I have a bottle of Arbuckle Brothers Flavoring Extract of Vanilla and the box it came in. . It still has the cork in it and is about 1/2 full. It was never opened. A great or great-great relative had a store and this was left over. The back of the bottle says "Arbuckle Bros Chicago". I was wondering how much it would be worth. The picture was too big so I uploaded the bottle and will upload the box seperately. Thank you.


----------



## dmls66 (Aug 5, 2012)

Here is the box.


----------



## epackage (Aug 5, 2012)

Hi, the bottle doesn't have all that much value, maybe $5-10 on it's best day because of the box. I wish I had better news, welcome to the forum...


----------



## surfaceone (Aug 5, 2012)

Hello Darlene,

 Those are some very large, and out of focus photos. Is your bottle embossed, or label only? I can't speak to the value, but don't imagine it would exceed a Jackson. Vanilla extracts just don't get much respect.

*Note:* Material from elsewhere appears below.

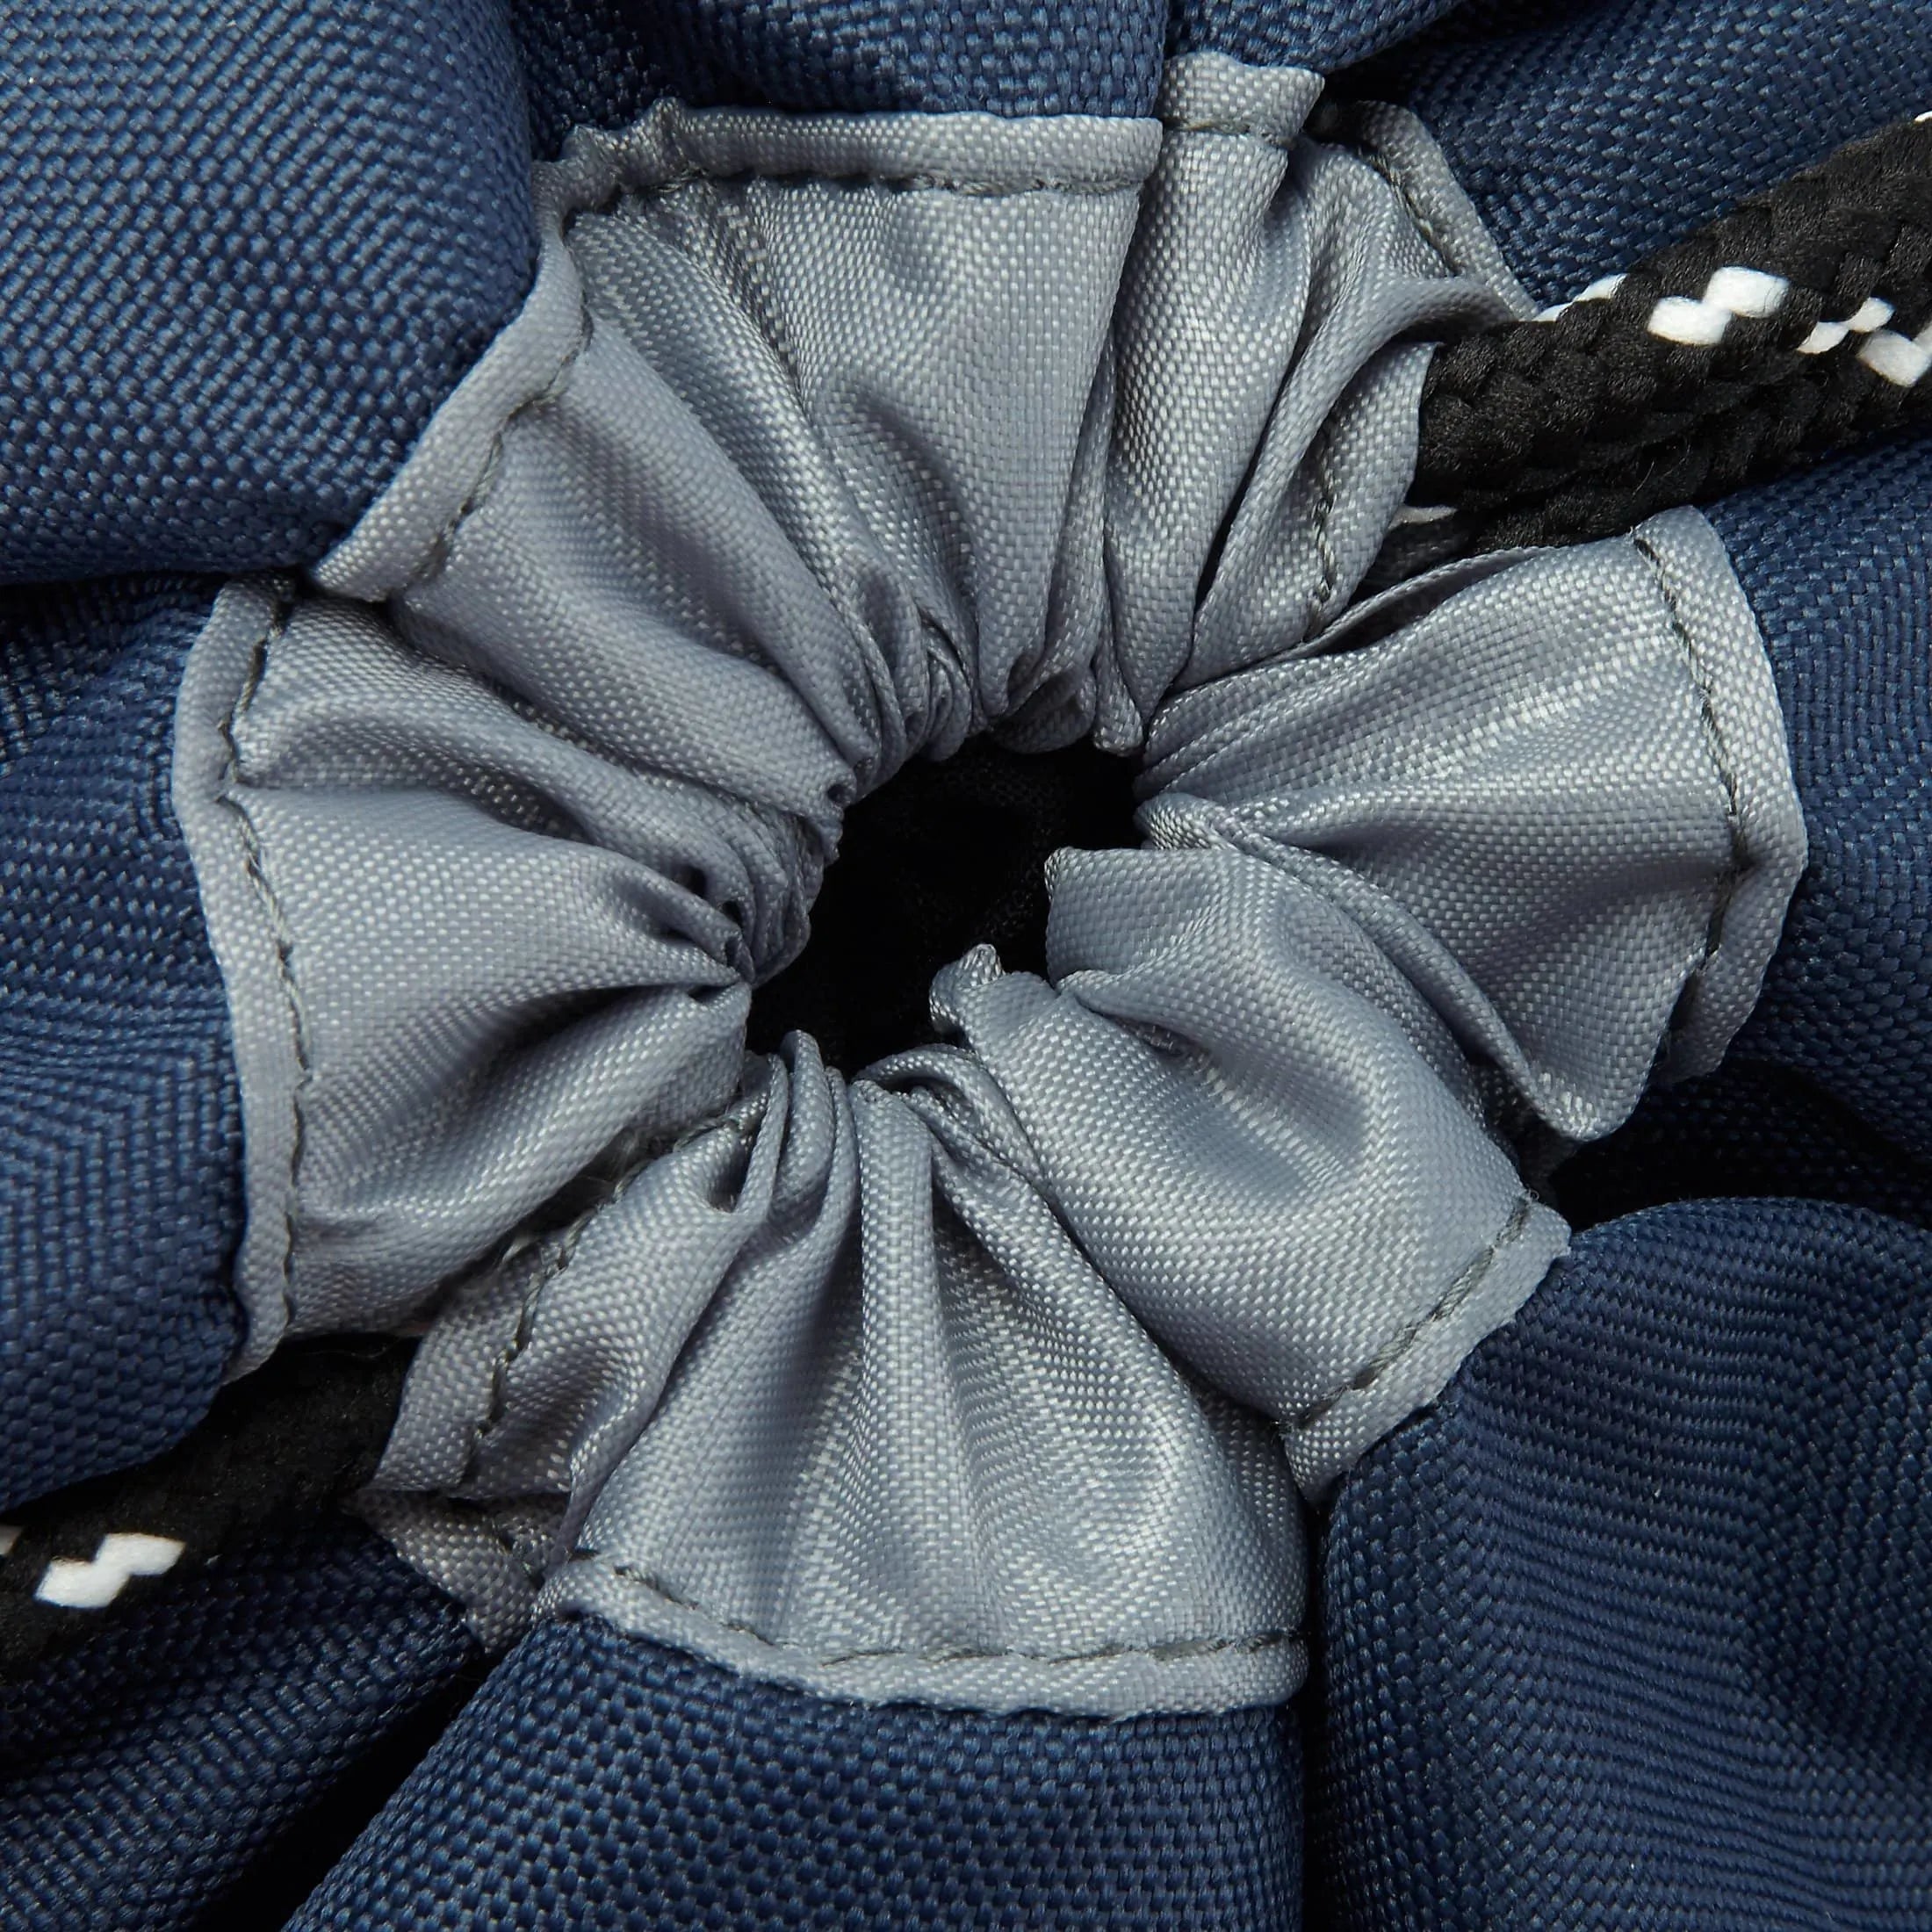 Chiemsee Sports & Travel Bags Drawstring Sportbeutel 45 cm - dark blue-pink

 A previous Arbuckle discussion is HERE.


----------



## dmls66 (Aug 5, 2012)

Surfaceone, The picture was of both so I had to crop the picture. It was too large to upload. I am new to this so not sure how to do it  []
 The bottle is embossed on the back.
 Thanks for the comment and also thank you epackage.


----------



## botlguy (Aug 5, 2012)

I can add only that the bottle and box together are better than either alone but they still have way more sentimental value than monetary but that's the most important anyway.


----------